Ici, on voit les étoiles. On danse en spirale. Le vent chasse les nuages et quand on tourne en rond le rond devient ellipse, tes lips, sur tes lèvres des mots, en dehors de ta bouche des mots, dans la pièce des mots, dans l’espace des mots, petits puis gros, immenses et bientôt partout, énormes et explosifs, ils griffent, chahutent et remettent les pendules à l’heure et l’heure à la bonne.

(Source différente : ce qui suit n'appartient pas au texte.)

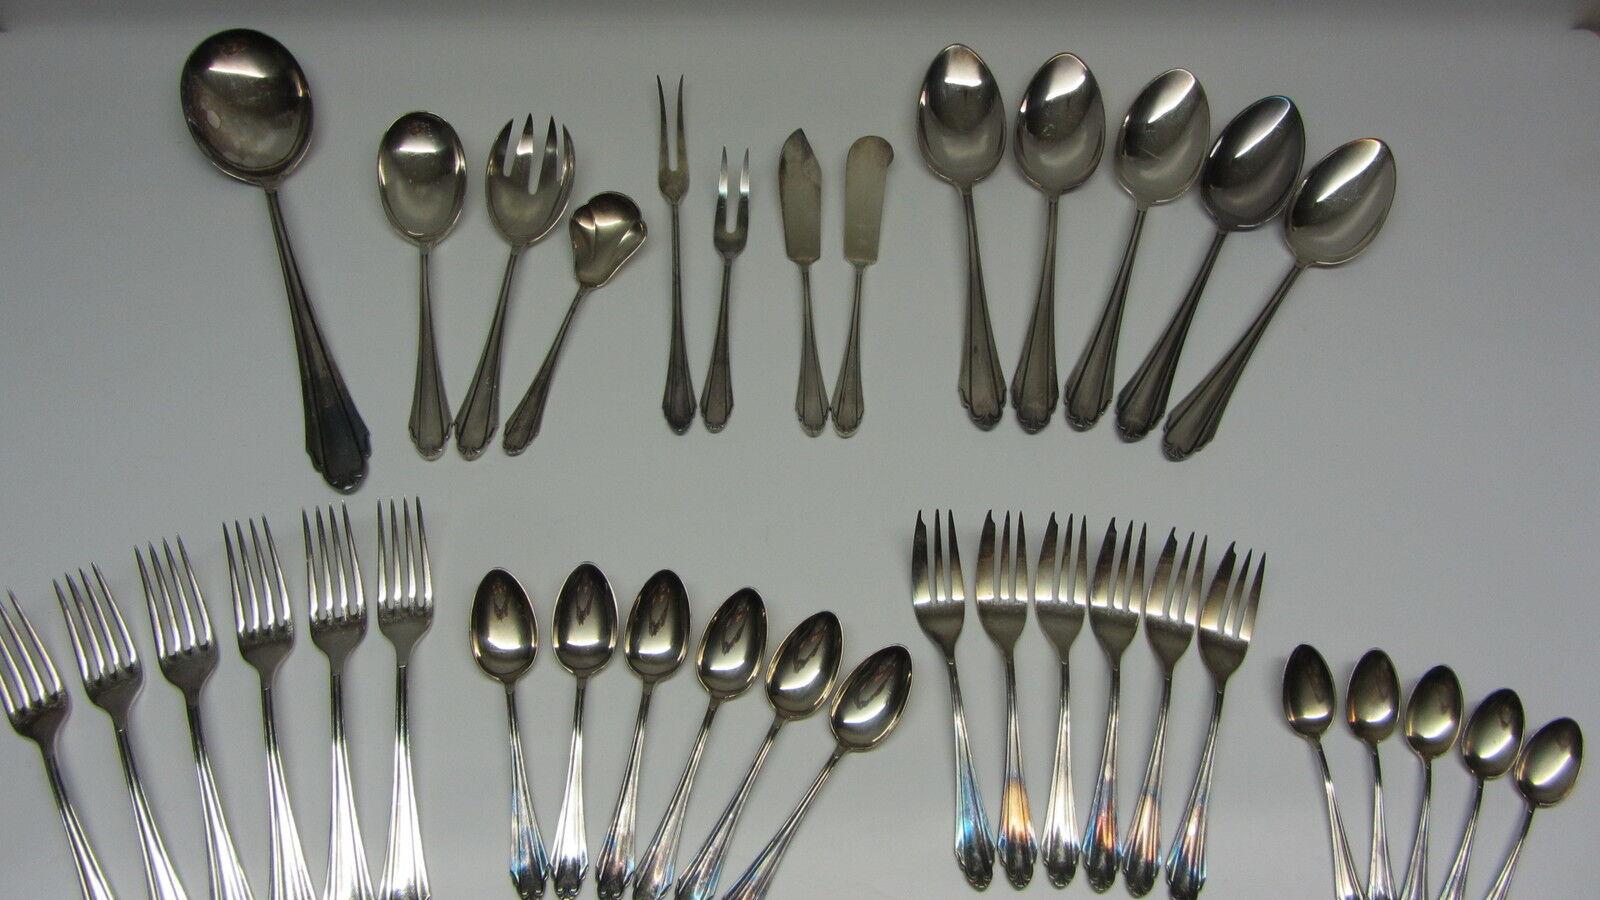 Konvolut alte Silberauflage Silber Silberschrott Silberschrott Silberschrott Martin 90 er Silber 36 Teile 26d6cd

Parce qu’il y en a marre, et que les étoiles jetées six pieds sous terre il faut les déterrer et les raccrocher aux nuages, là-haut au-dessus, bien au-dessus de la cime des sapins. Et tant pis pour les écorchures, la boule au ventre et les nœuds au cerveau, la panthère noire les croquera, les mâchera et les recrachera en une bouillie ruisselant jusque dans le sol, et avec un peu de lumière et quelques gouttes de pluie et la patience infinie de la vie, il en poussera des champignons qui relieront les êtres et les possibles, et de nouveaux sapins qui, encore et encore, pointeront dans la bonne direction. Du sol au plafond.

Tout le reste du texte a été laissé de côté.